Ningxia rief Lin Wei immer wieder von zu Hause aus an, doch sein Telefon war stets ausgeschaltet. Morgen war Mittwoch, und Lin Wei hatte frei. Er hatte ihr letzte Woche versprochen, mit ihr nach Heizhen zu fahren. Seit Lin Wei ihr vor einigen Abenden im Teehaus das alte Haus erklärt hatte, hatte er sich nicht mehr gemeldet. Nun konnte sie ihn telefonisch nicht erreichen, und Ningxia machte sich große Sorgen.
„Ring ring…“ Plötzlich klingelte das Telefon, und Ningxia griff danach: „Lin Wei!“
„Ich bin’s!“, rief Fang Jian am anderen Ende der Leitung. „Was, wartest du auf seinen Anruf?“, fragte er mit leicht säuerlichem Unterton.
„Ist etwas nicht in Ordnung?“, fragte Ningxia, ohne seine Frage zu beantworten.
"Hast du nicht gesagt, dass du morgen mit ihm nach Black Town fährst?"
"Ja! Was ist los?"
"Darf ich mitkommen?", fragte Fang Jian vorsichtig, aus Angst, Ningxia würde ablehnen.
„Ich weiß es nicht! Ich kann ihn auch telefonisch nicht erreichen, und ich weiß nicht einmal, ob ich es morgen schaffe“, antwortete Ningxia gereizt.
„Dann kontaktiere ihn zuerst und ruf mich später an. Wenn er es nicht schafft, komme ich morgen mit!“
„Okay!“, rief Ningxia, legte auf und wählte Lin Weis Nummer erneut. Endlich ging das Telefon an, und Ningxia war überglücklich.
"Hallo! Ningxia!" Lin Weis Stimme ertönte am anderen Ende der Leitung und beruhigte Ningxia endlich.
„Warum war dein Handy die ganze Zeit ausgeschaltet?“, fragte Ningxia mit einem leichten Vorwurf.
„Oh! Es tut mir so leid! Mein Akku war leer. Ich habe es gerade erst bemerkt und angefangen, es aufzuladen, als Ihr Anruf kam! Sie müssen sich große Sorgen gemacht haben!“, sagte Lin Wei entschuldigend am anderen Ende der Leitung.

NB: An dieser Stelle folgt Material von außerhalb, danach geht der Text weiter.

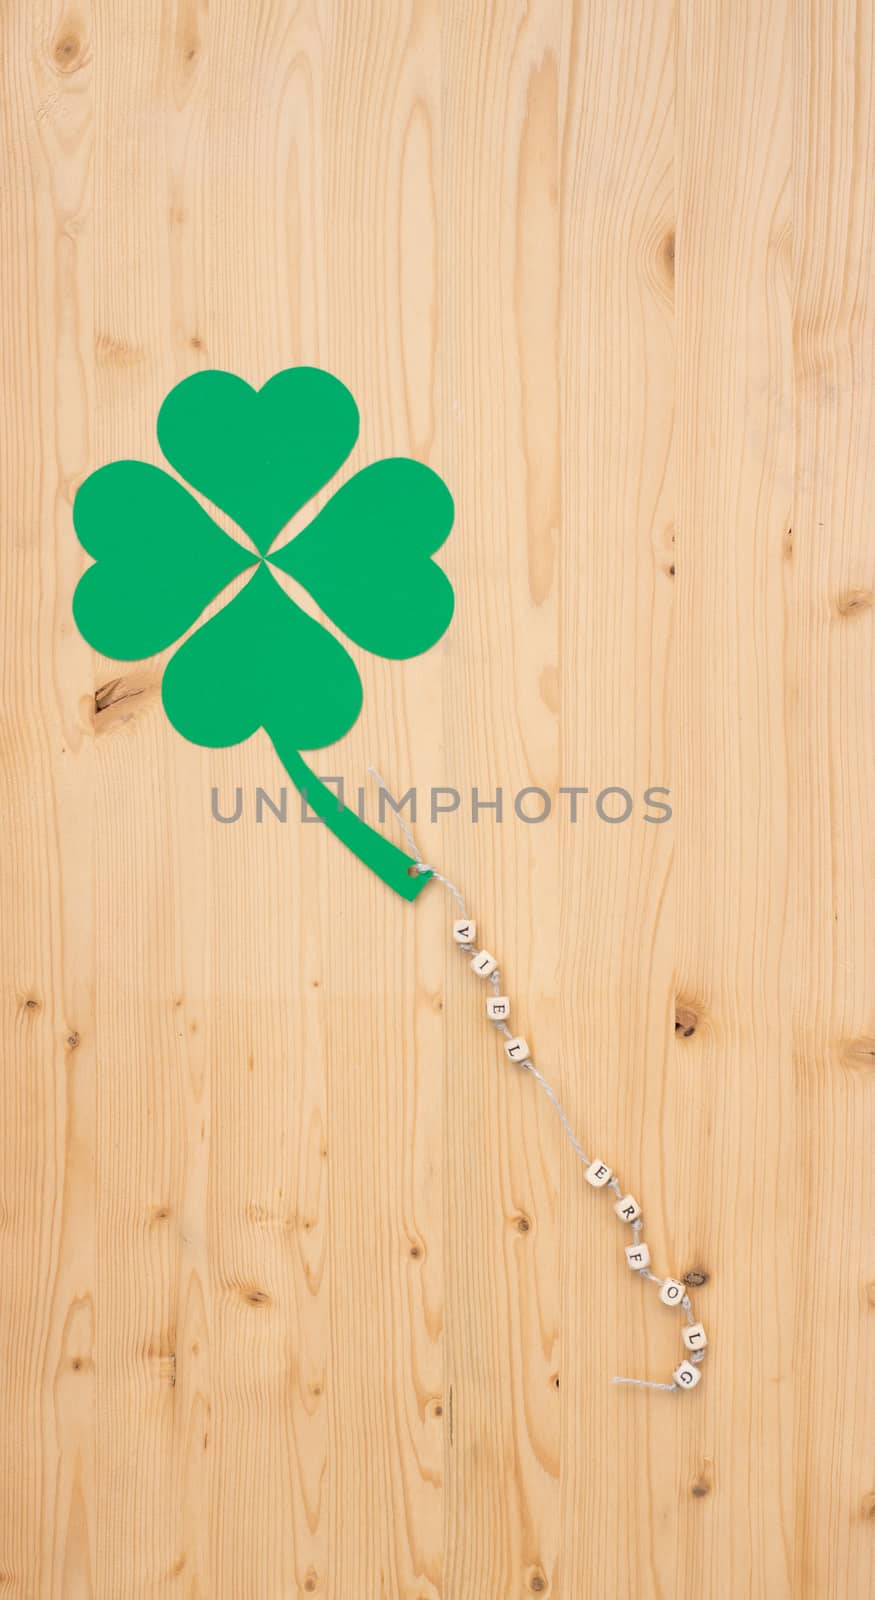 The german words for lot of success and a cloverleaf on a cord on wood

"Nein, darum geht es nicht! Ich wollte dich fragen, ob du morgen trotzdem mit mir nach Black Town kommen kannst?" Ningxias Stimmung besserte sich sofort.
„Natürlich! Ich habe es dir versprochen, also komme ich natürlich mit! Ich hole dich morgen früh um acht Uhr unten ab. Verschlaf nicht!“, lachte Lin Wei.
„Ein Freund von mir möchte auch mitkommen, ist das in Ordnung?“
"Klar! Ich hole dich morgen zuerst ab, dann deinen Freund!" Lin Wei stimmte sofort zu.
„Wir sehen uns morgen um acht! Ruh dich gut aus!“ Lin Wei legte auf.